There were 64 households, out of which 23.4% had children under the age of 18 living with them, 57.8% were married couples living together, 3.1% had a female householder with no husband present, and 34.4% were non-families. 34.4% of all households were made up of individuals, and 20.3% had someone living alone who was 65 years of age or older. The average household size was 2.31 and the average family size was 3.00.

In the town, the population was spread out, with 20.9% under the age of 18, 8.1% from 18 to 24, 20.3% from 25 to 44, 28.4% from 45 to 64, and 22.3% who were 65 years of age or older. The median age was 45 years. For every 100 females, there were 100.0 males. For every 100 females age 18 and over, there were 91.8 males.

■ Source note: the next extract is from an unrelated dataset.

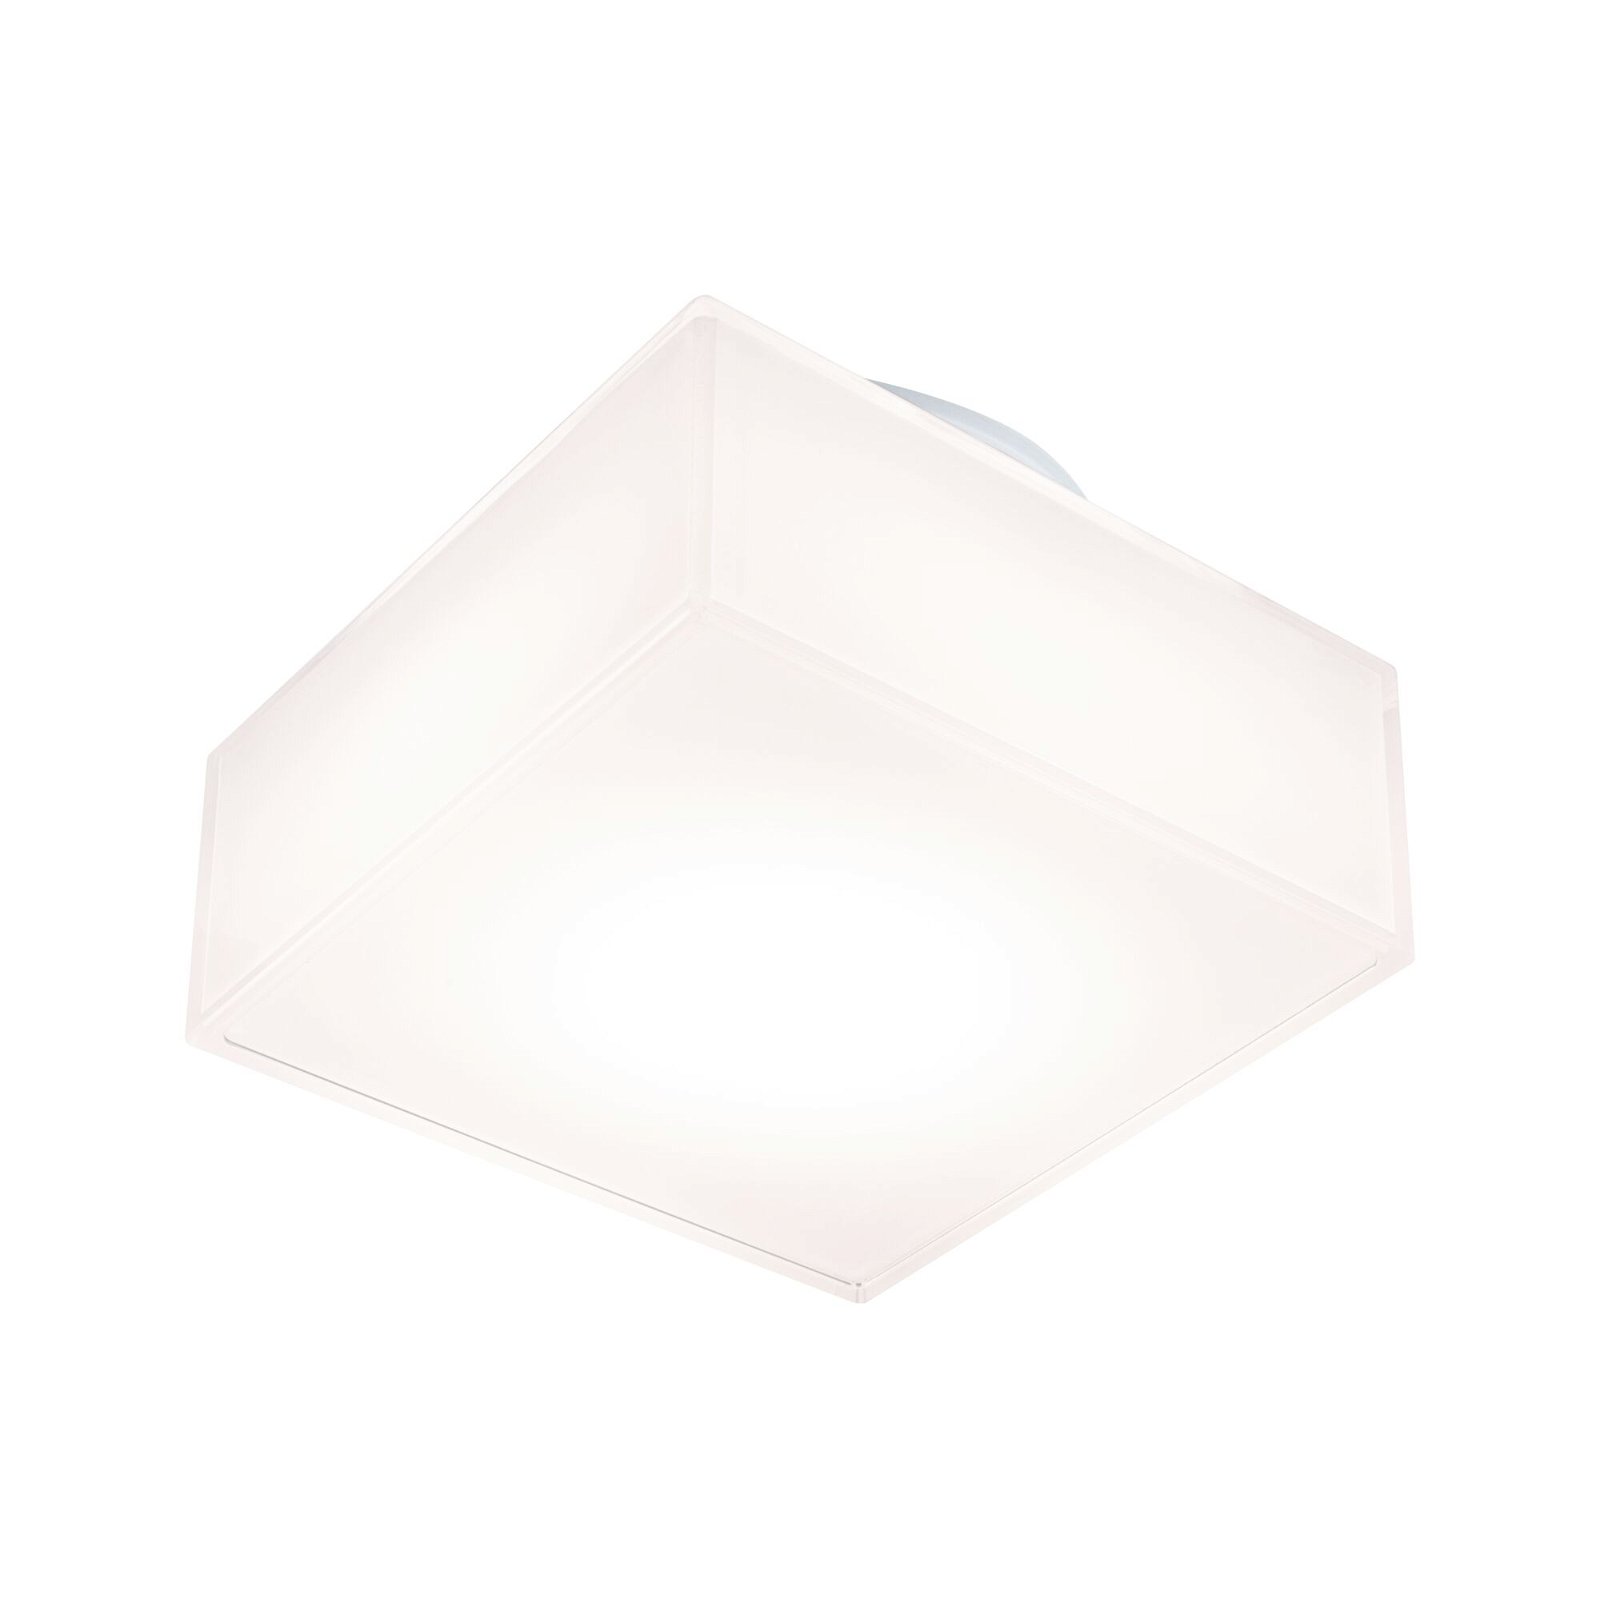 LED Ceiling luminaire Maro IP44 3000K 430lm 230V 6,8W White

The median income for a household in the town was $24,375, and the median income for a family was $31,250. Males had a median income of $22,500 versus $20,625 for females. The per capita income for the town was $21,848. There were 12.5% of families and 10.3% of the population living below the poverty line, including no under eighteens and none of those over 64.

==Education==
Dacoma shares a school district with the nearby town of Carmen.